WASHINGTON — Satellite connectivity provider Global Eagle Entertainment on March 8 announced $150 million in fresh capital from a private investment firm and the appointment of its second chief executive in 13 months.
Global Eagle CEO Jeff Leddy, who is shifting to the role of executive chairman, said the “investment will significantly strengthen our liquidity and create a capital structure to support our growth initiatives, positioning us to deliver significant long-term shareholder value.”
Searchlight Capital Partners, a U.K.-registered investment group with offices in Toronto and New York City, placed the $150 million investment.
Los Angeles-based Global Eagle said it will use the new capital to pay off a $78 million credit-line balance, and the remainder for “growth initiatives and other general corporate purposes.” Around $8 million will go to fees and expenses related to the transaction.
Global Eagle said it will have access to the full $85 million credit line following the payment.
Leddy will be replaced as CEO on April 1 by Josh Marks, Global Eagle’s executive vice president for connectivity. Marks joined Global Eagle in 2015 when the company bought masFlight, an aviation data-analytics company he co-founded and led as CEO.
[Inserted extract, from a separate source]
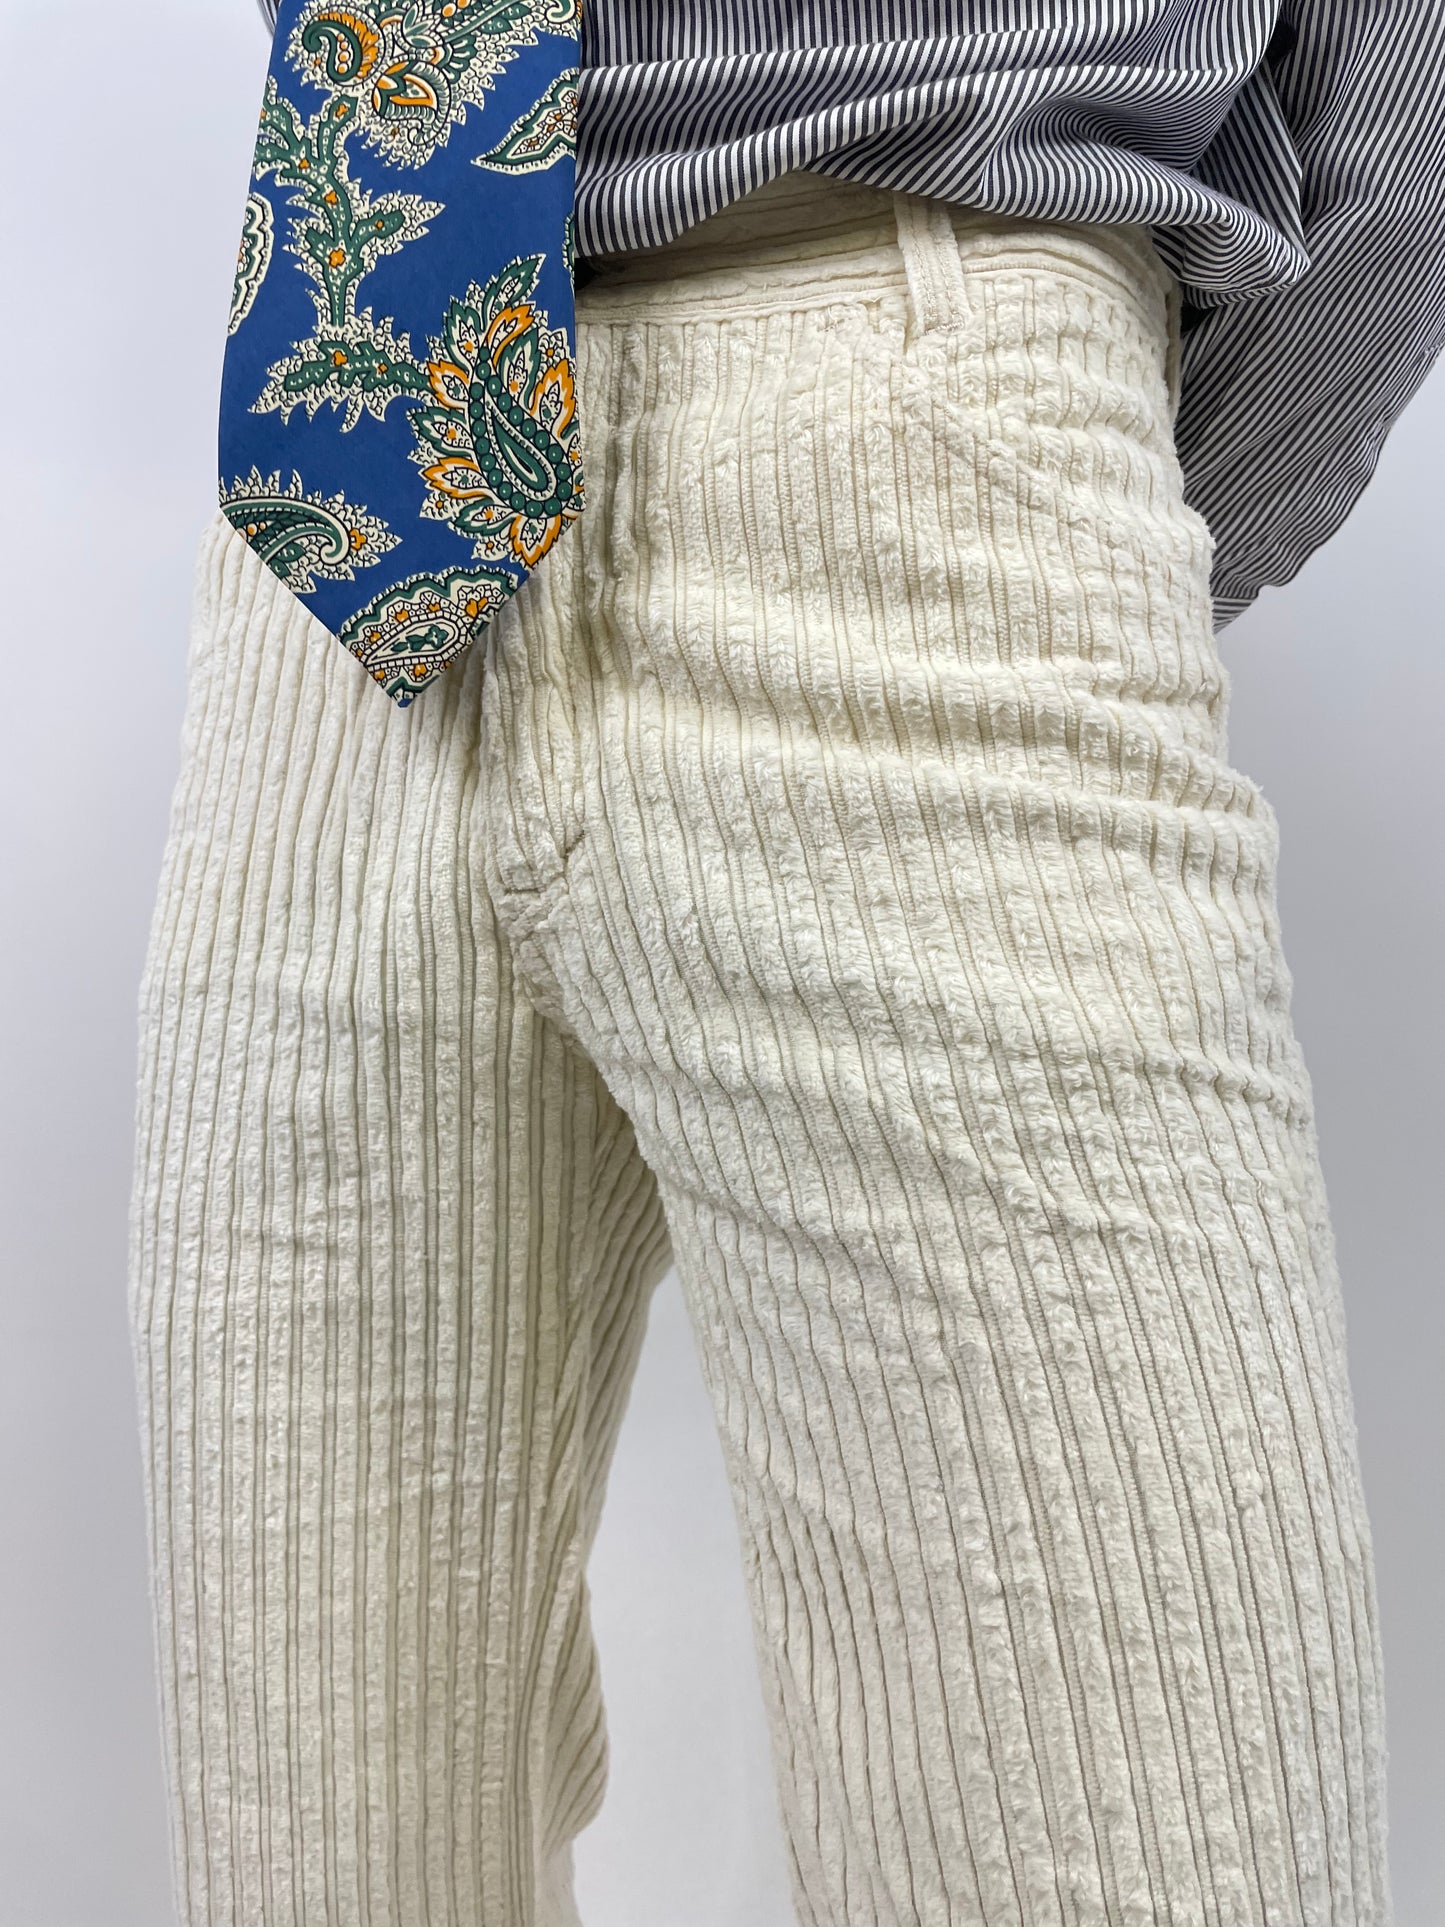 Pantalone Blue Moon Quality Clothing 1870s

“[Marks] is the right person to lead our global team to achieve greater success for our customers, employees, and stakeholders,” Leddy said in a statement. “The Board and I are confident this will be a seamless transition.”
Leddy is replacing Ed Shapiro, Global Eagle’s outgoing board chairman. The company did not specify Shapiro’s reason for leaving.
Leddy was appointed CEO of Global Eagle in February 2017 following the abrupt resignation of previous CEO Dave Davis and Chief Financial Officer Tom Severson. Global Eagle hired Harris Caprock’s CFO, Paul Rainey, to replace Severson two months later.
Global Eagle filed late financial reports to the the U.S. Securities and Exchange Commission in January, blaming challenges in integrating recent acquisitions like EMC in May 2016. Three class-action lawsuits followed, of which two were voluntarily dismissed by plaintiffs and one by the U.S. District Court for the Central District of California.
Leddy said this February that the completed SEC documents, “validated the integrity of our financials, and confirmed our position that the company was not subject to any restatements, was not a perpetrator of fraud, and did not commit any other wrongdoing.”